Start of DATA SHOWN
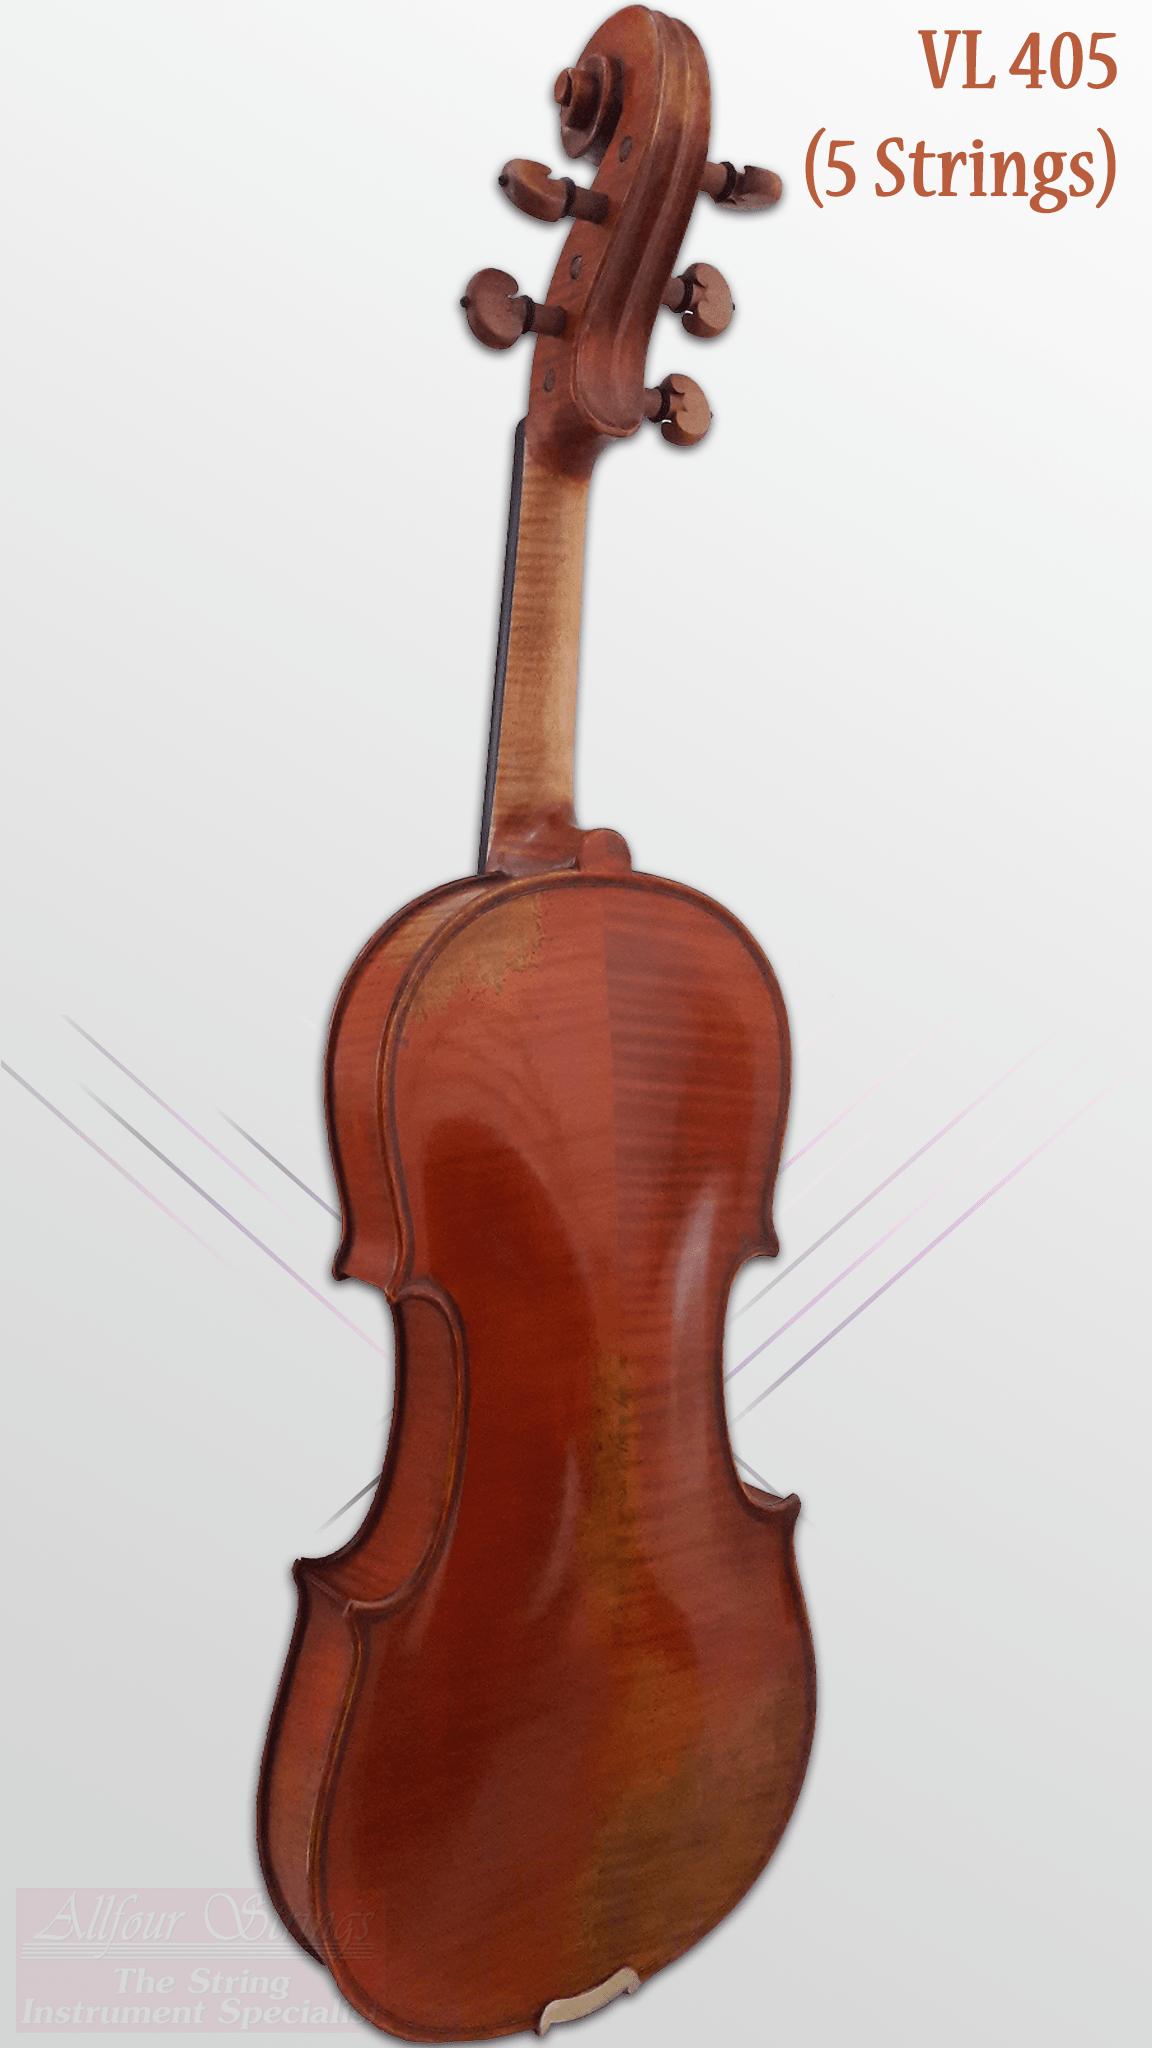 VL-405-5strings-Back-Left-min
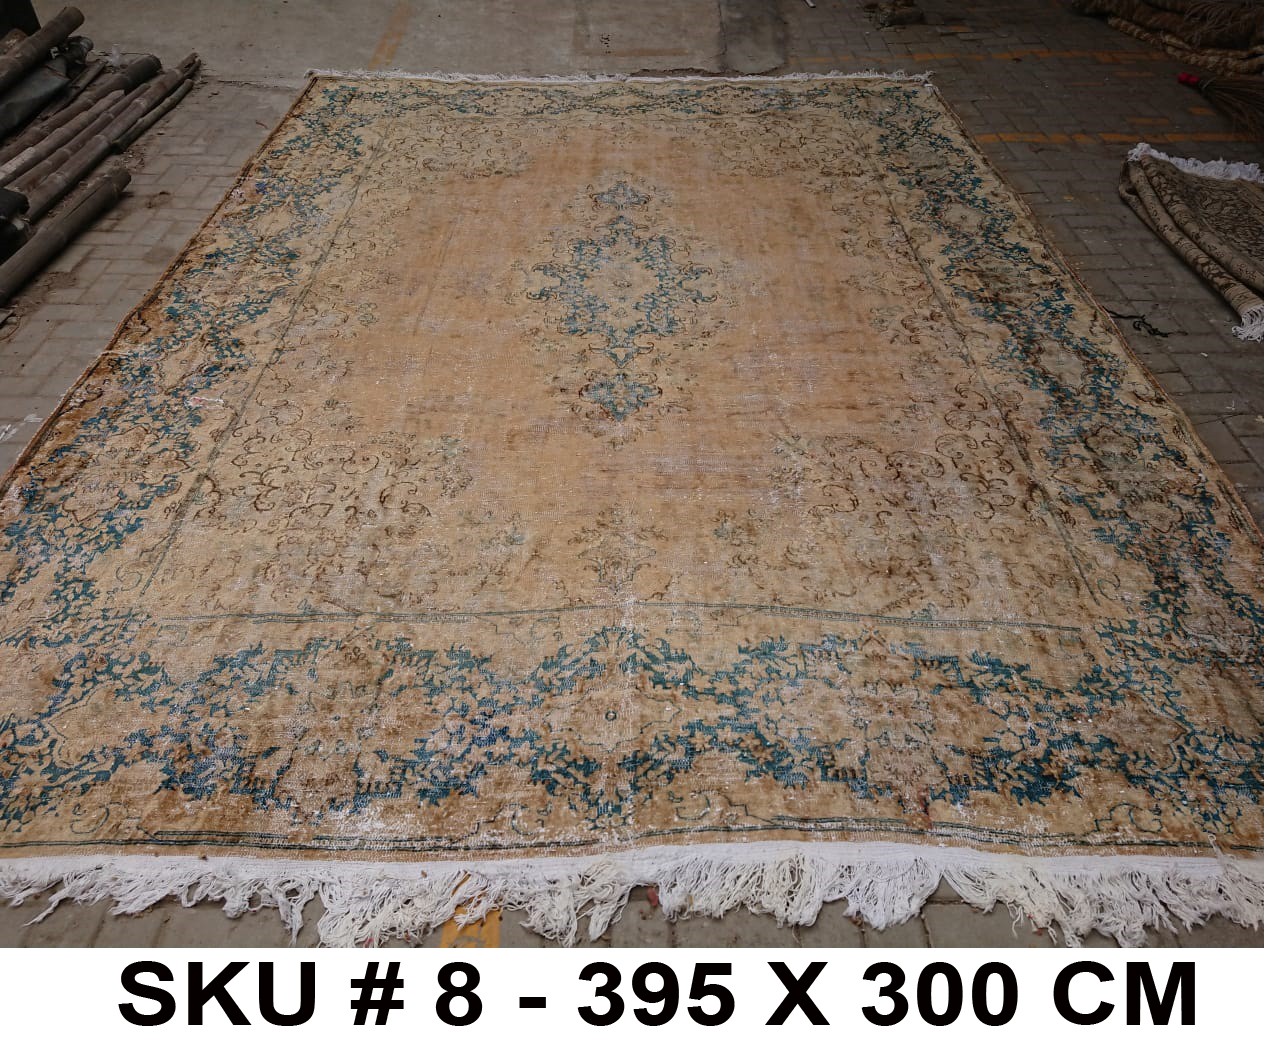 Vintage vloerkleed met blauw, nr.62338, 395cm x 300cm
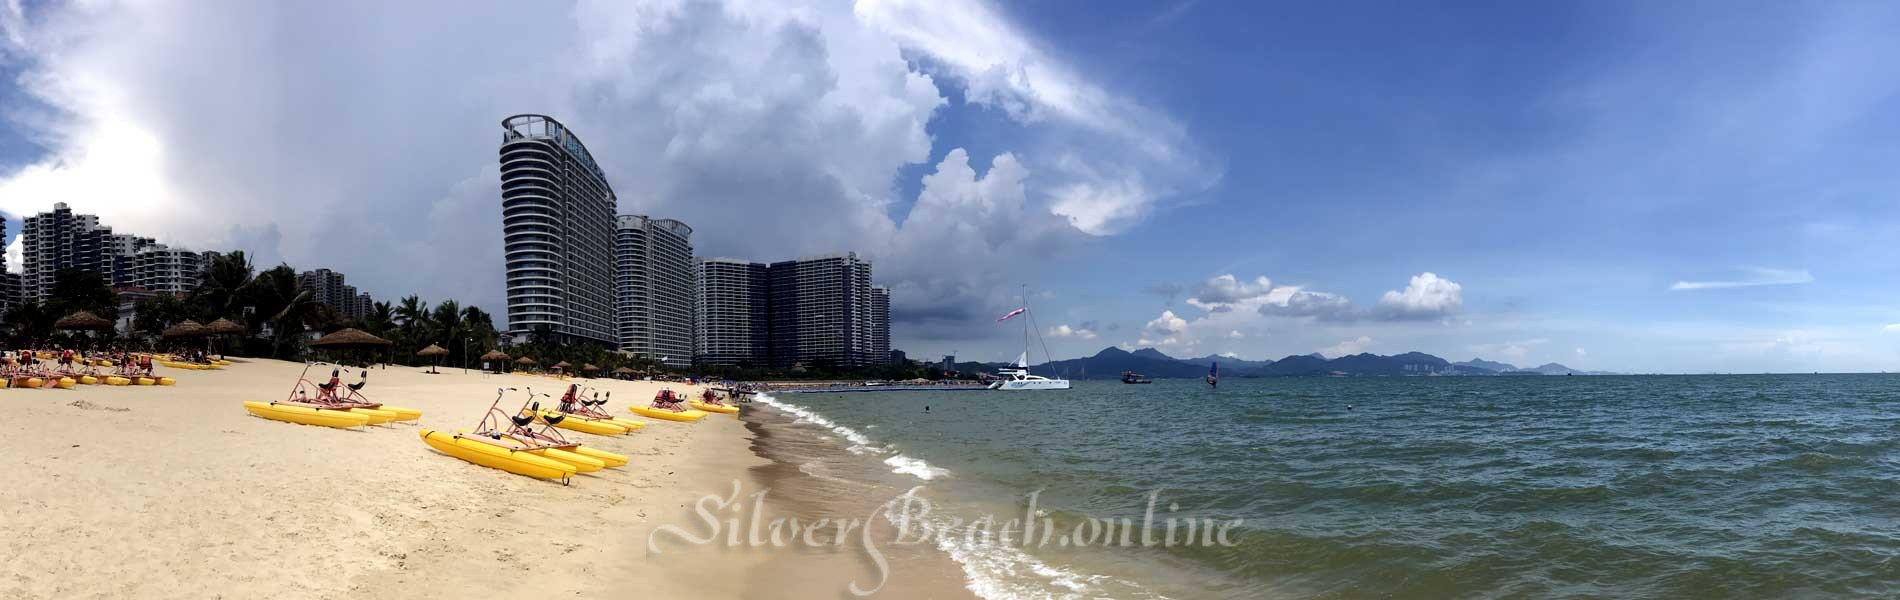 Большой пляж, теплое море, ласковое солнце
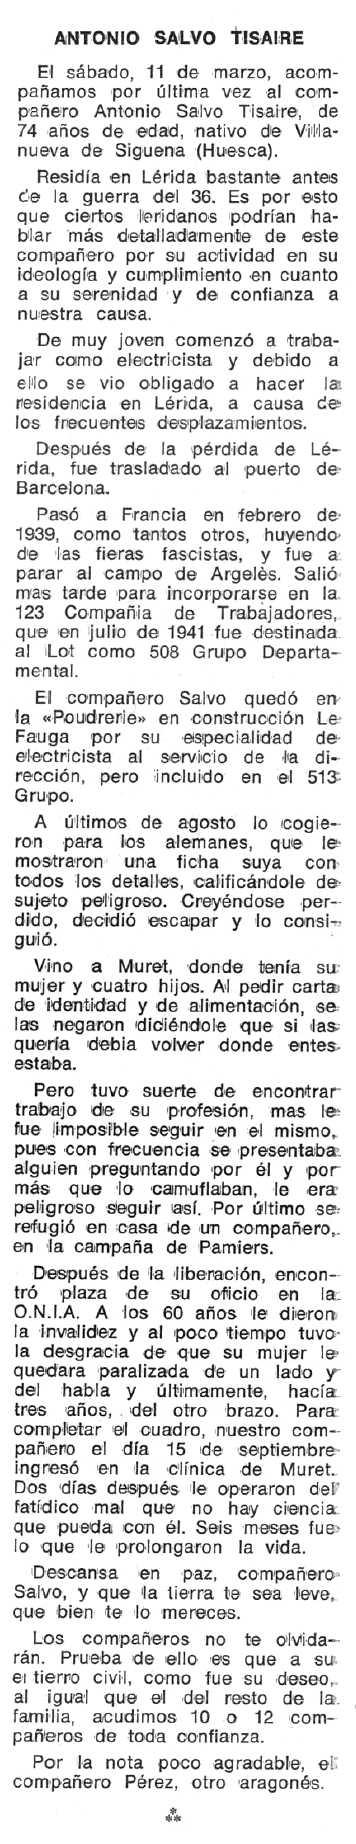 """Necrològica de Juan Antonio Salvo Tisaire apareguda en el periòdic tolosà """"Espoir"""" del 24 de juliol de 1978"""
End of DATA SHOWN
REQUIREMENT:
Each line of the data above must be reproduced as written. Skip the pictures.

WRITTEN RESPONSE:
 VL-405-5strings-Back-Left-min
 Vintage vloerkleed met blauw, nr.62338, 395cm x 300cm
 Большой пляж, теплое море, ласковое солнце
 """Necrològica de Juan Antonio Salvo Tisaire apareguda en el periòdic tolosà """"Espoir"""" del 24 de juliol de 1978"""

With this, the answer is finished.